我有下表
池(id),硬币(id),池_硬币(pool_id,coin_id,可见)
及其Java映射
@Entity
@Table(name = "pools")
@Data
public class Pool extends Identifiable {
@ManyToMany(fetch = FetchType.LAZY)
@JoinTable(name = "pools_coins",
joinColumns = {@JoinColumn(name = "pool_id")},
inverseJoinColumns = {@JoinColumn(name = "coin_id")})
private List<Coin> coins;
}
@Entity
@Table(name = "coins")
public class Coin extends Identifiable {
private String name;
}
@Entity
@Table(name = "pools_coins")
@Data
public class PoolToCoin {
@ManyToOne(fetch = FetchType.LAZY, optional = false)

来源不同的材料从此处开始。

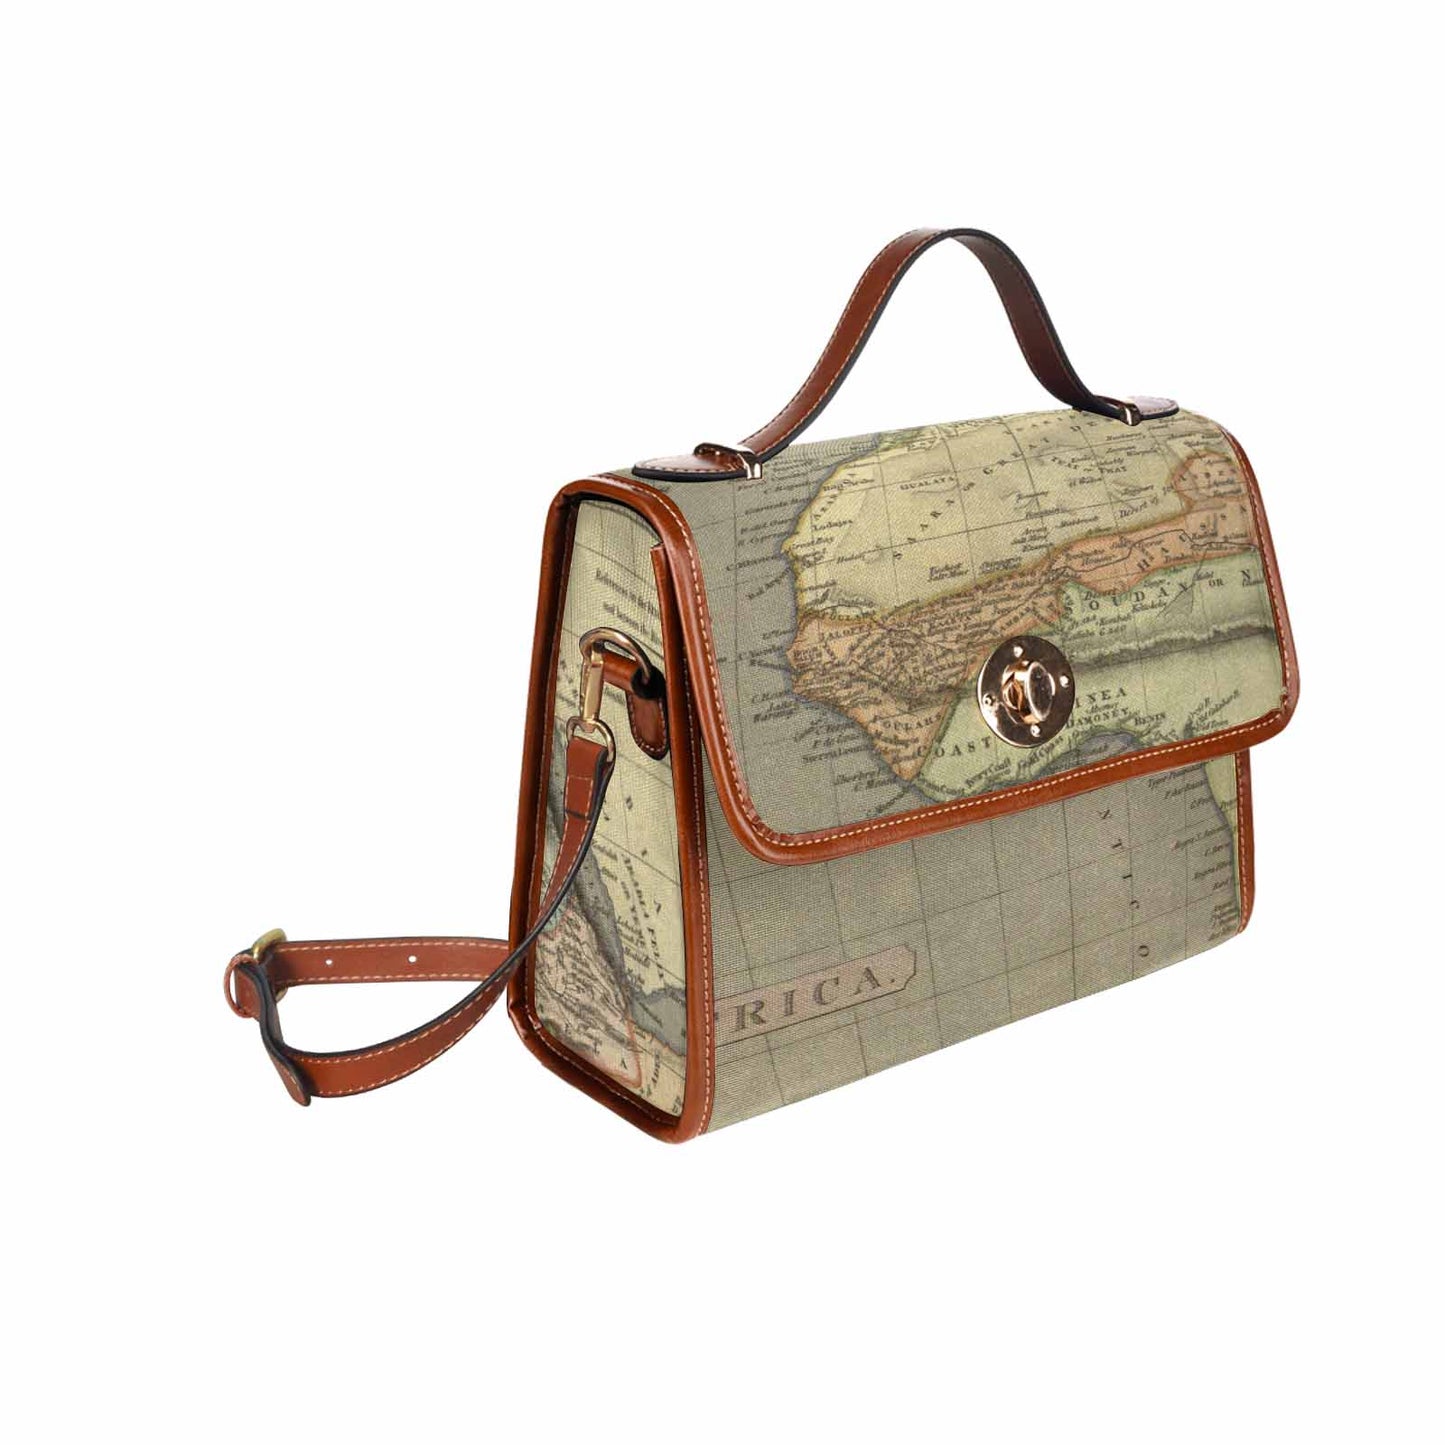 Antique Map Handbag, Model 1695341, Design 04

@JoinColumn(name = "pool_id", updatable = false, insertable = false)
private Pool pool;
@ManyToOne(fetch = FetchType.LAZY, optional = false)
@JoinColumn(name = "coin_id", insertable = false, updatable = false)
private Coin coin;
@Column(name = "visibility")
private boolean visibility;
@EmbeddedId//as I don't have pk in pools_coins table , I use embedded id
@AttributeOverrides({
@AttributeOverride(name = "poolId", column = @Column(name = "pool_id")),
@AttributeOverride(name = "coinId", column = @Column(name = "coin_id"))
})
private PoolToCoinId id;
}
我想使用以下Spring数据方法来获取带有关联硬币的Pool
public interface PoolRepository extends JpaRepository<Pool, Long
@Query(value = "SELECT p FROM Pool p LEFT JOIN FETCH p.coins coin WHERE p.id = :id")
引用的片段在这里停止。